** INFORMATION follows **

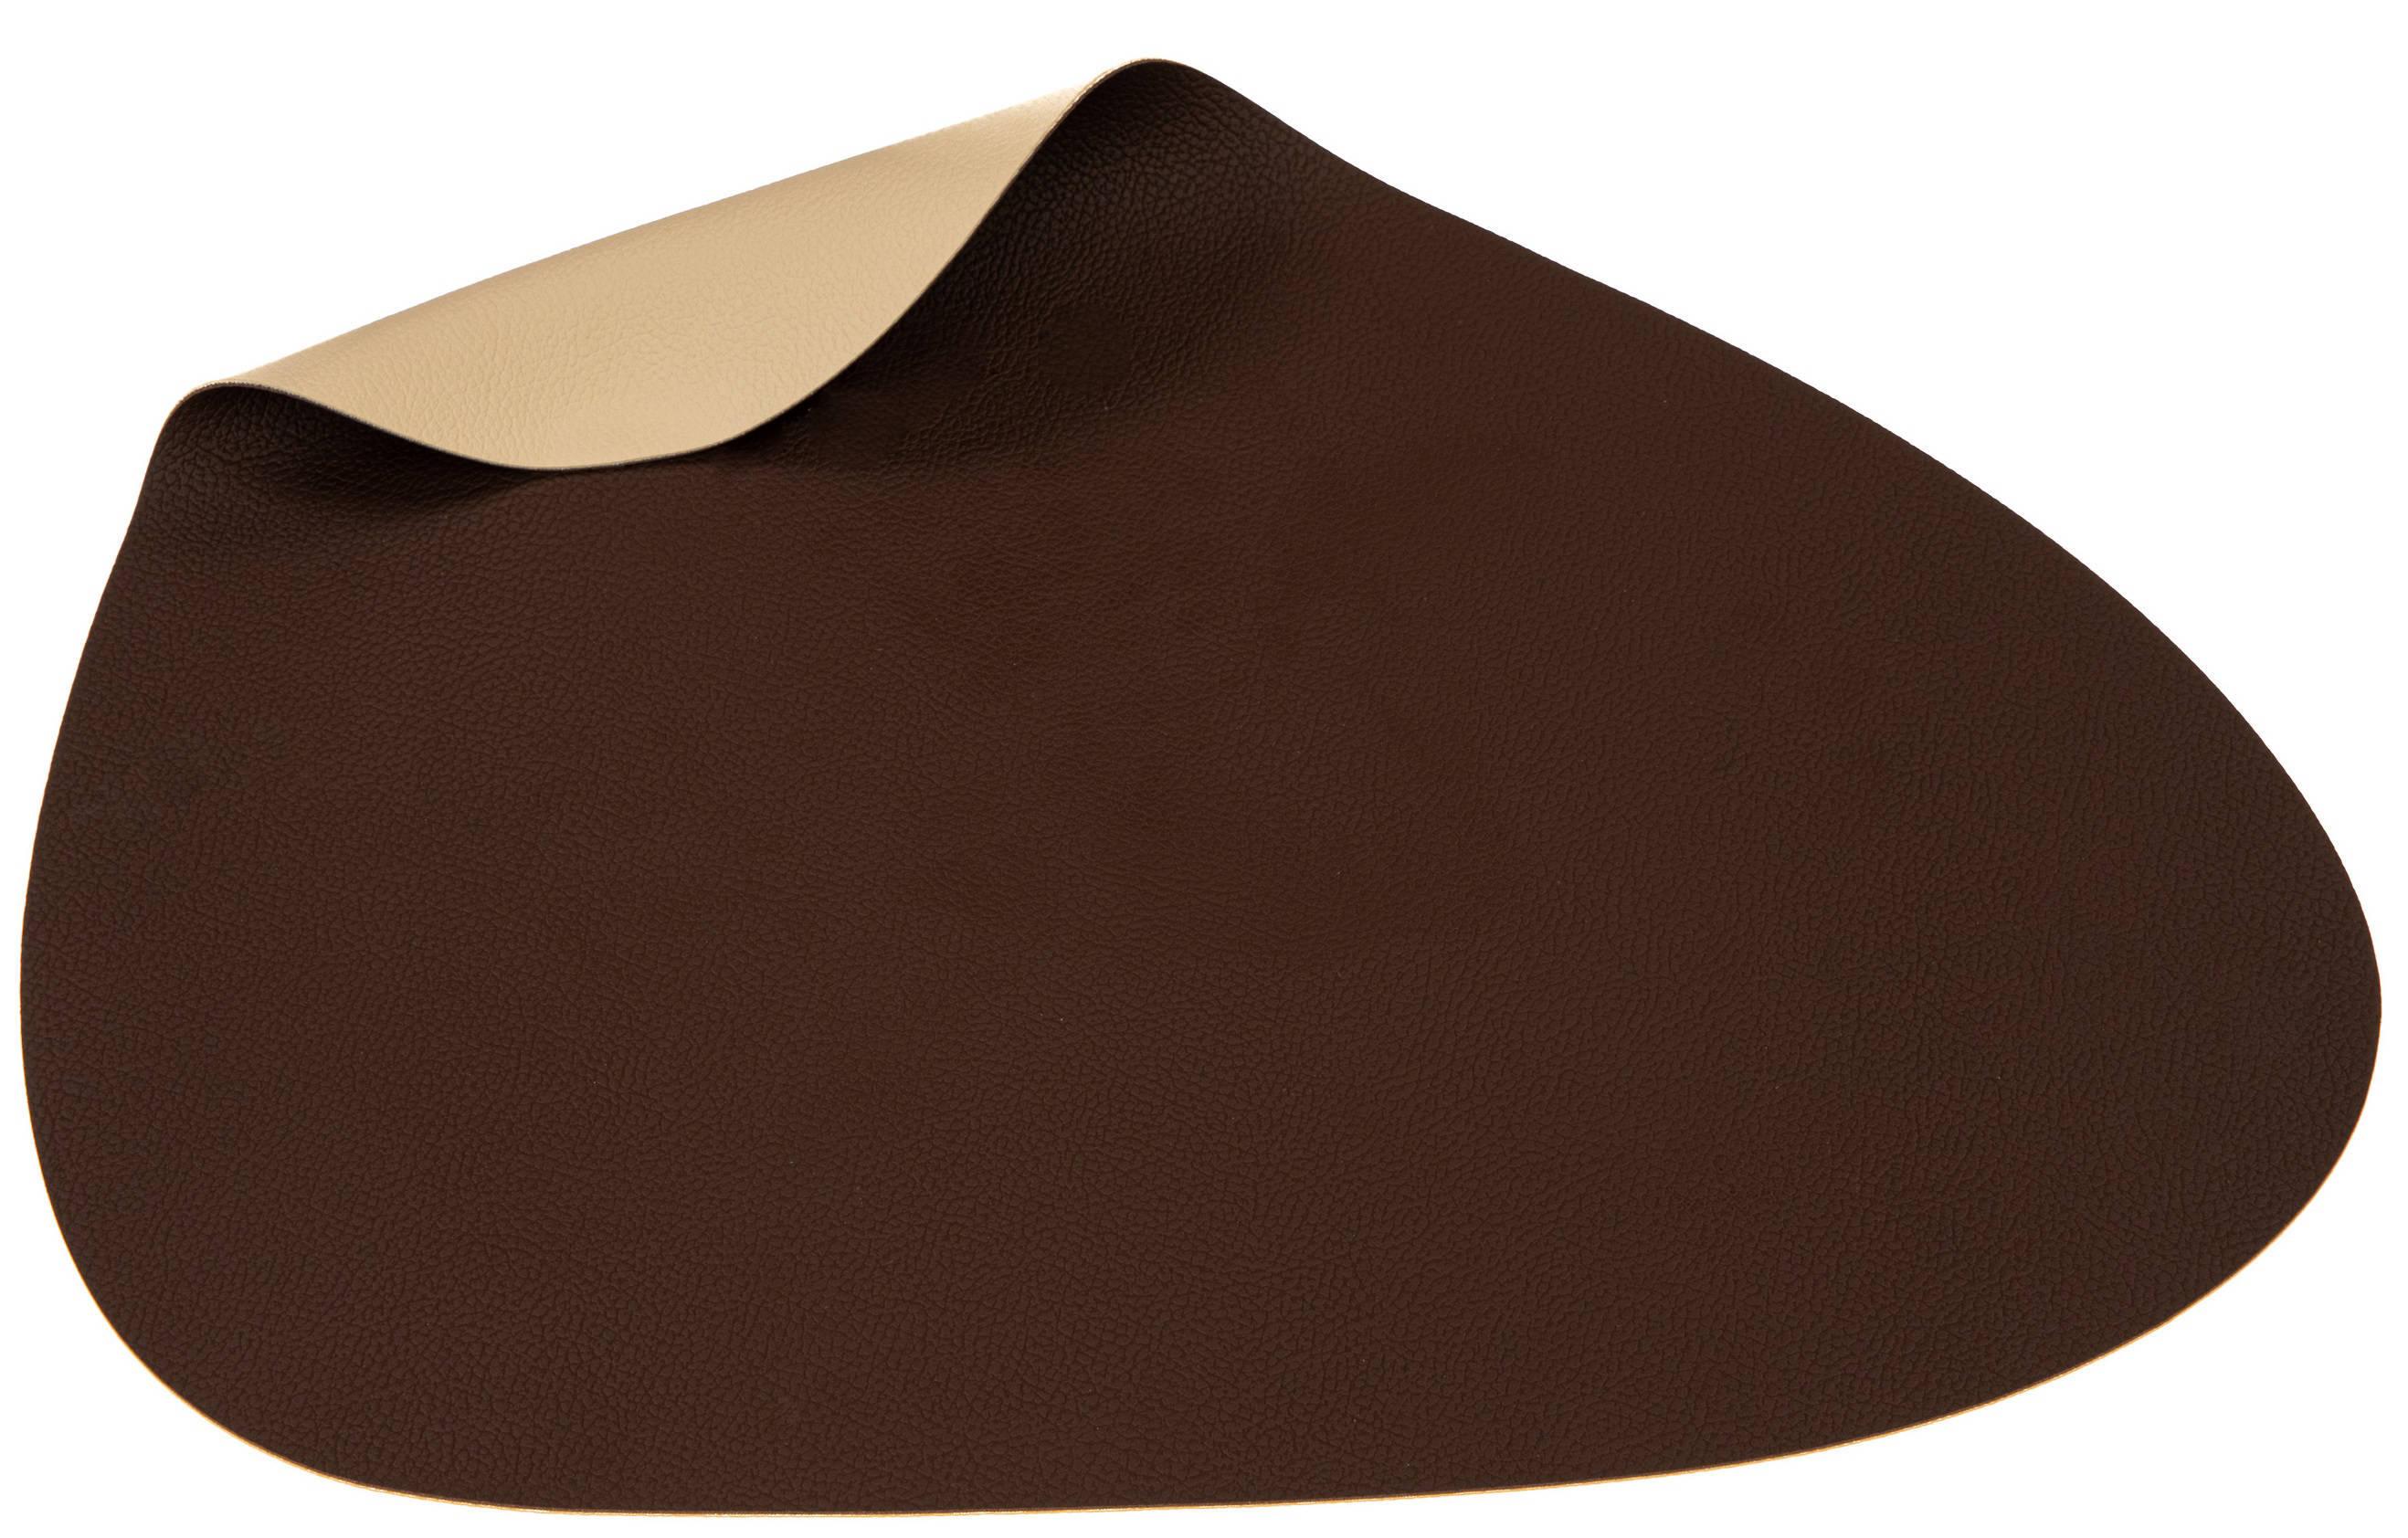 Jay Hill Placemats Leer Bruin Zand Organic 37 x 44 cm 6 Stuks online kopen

** End of INFORMATION **
** INFORMATION follows **

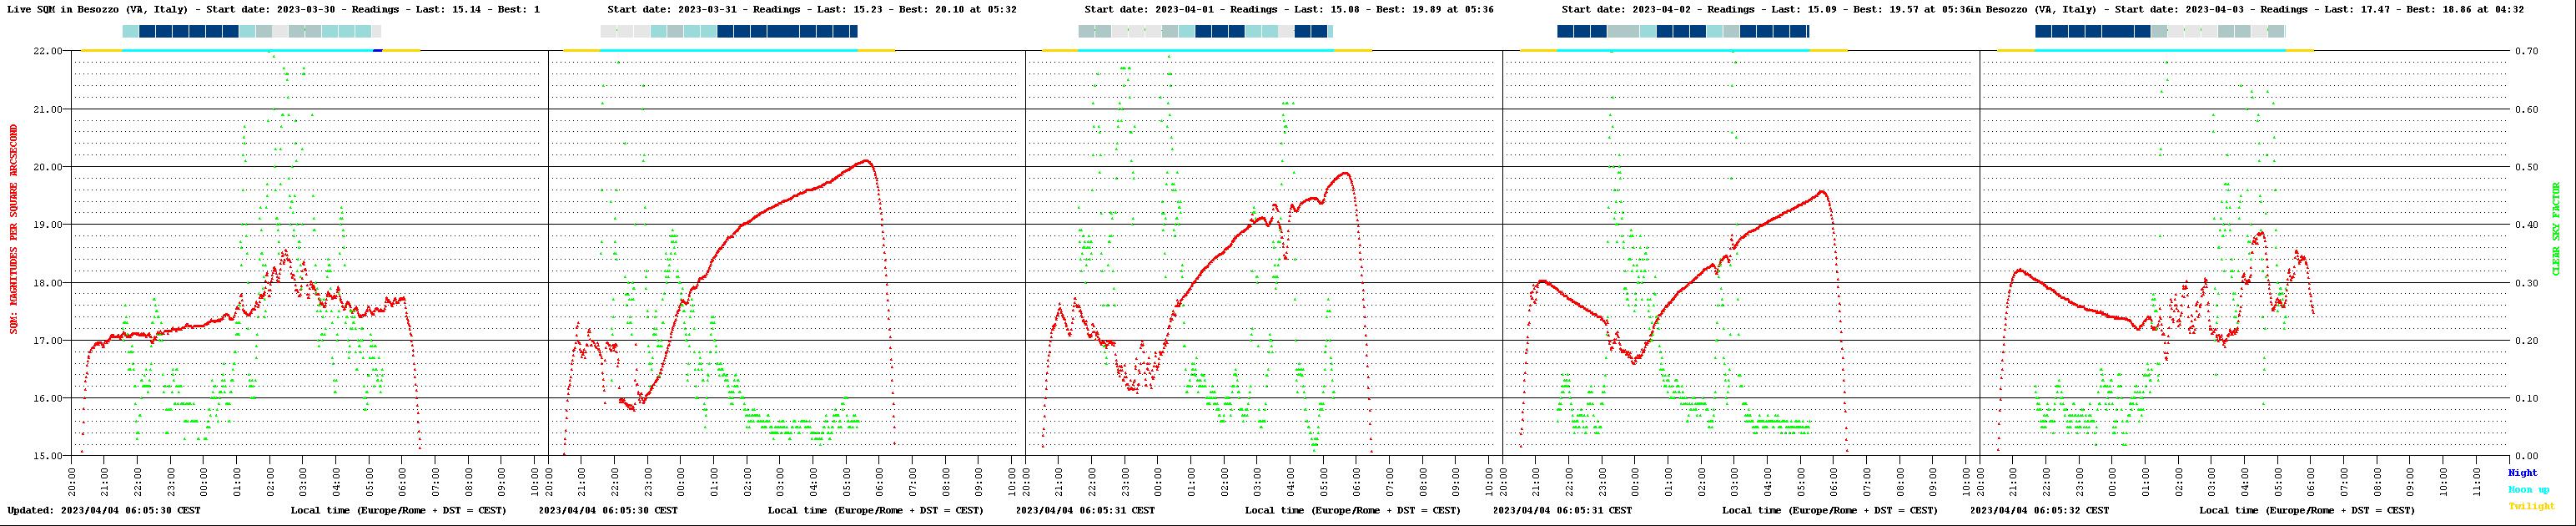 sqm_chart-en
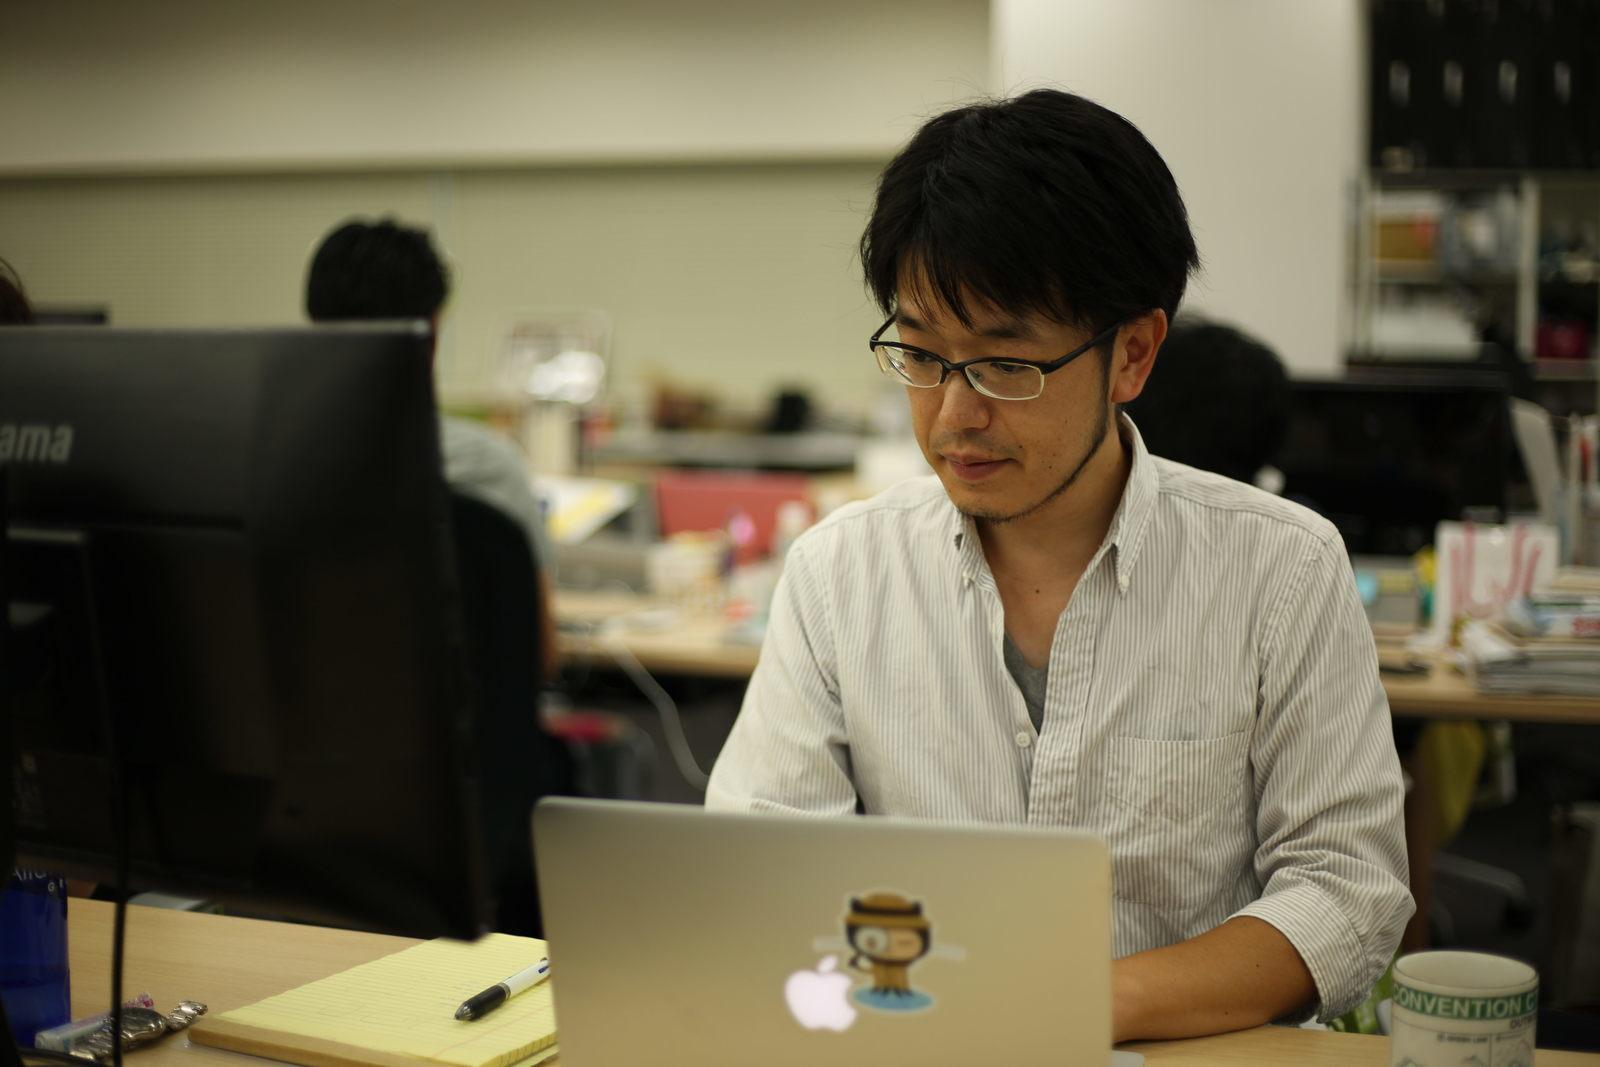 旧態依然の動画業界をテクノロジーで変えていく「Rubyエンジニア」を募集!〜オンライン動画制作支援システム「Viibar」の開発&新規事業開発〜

** End of INFORMATION **

Transcribe, word for word, the lines of the listing above from the one that contains "sqm_chart-en" through the one that contains "旧態依然の動画業界をテクノロ", keeping both ends and dropping the pictures.

 sqm_chart-en
 旧態依然の動画業界をテクノロジーで変えていく「Rubyエンジニア」を募集!〜オンライン動画制作支援システム「Viibar」の開発&新規事業開発〜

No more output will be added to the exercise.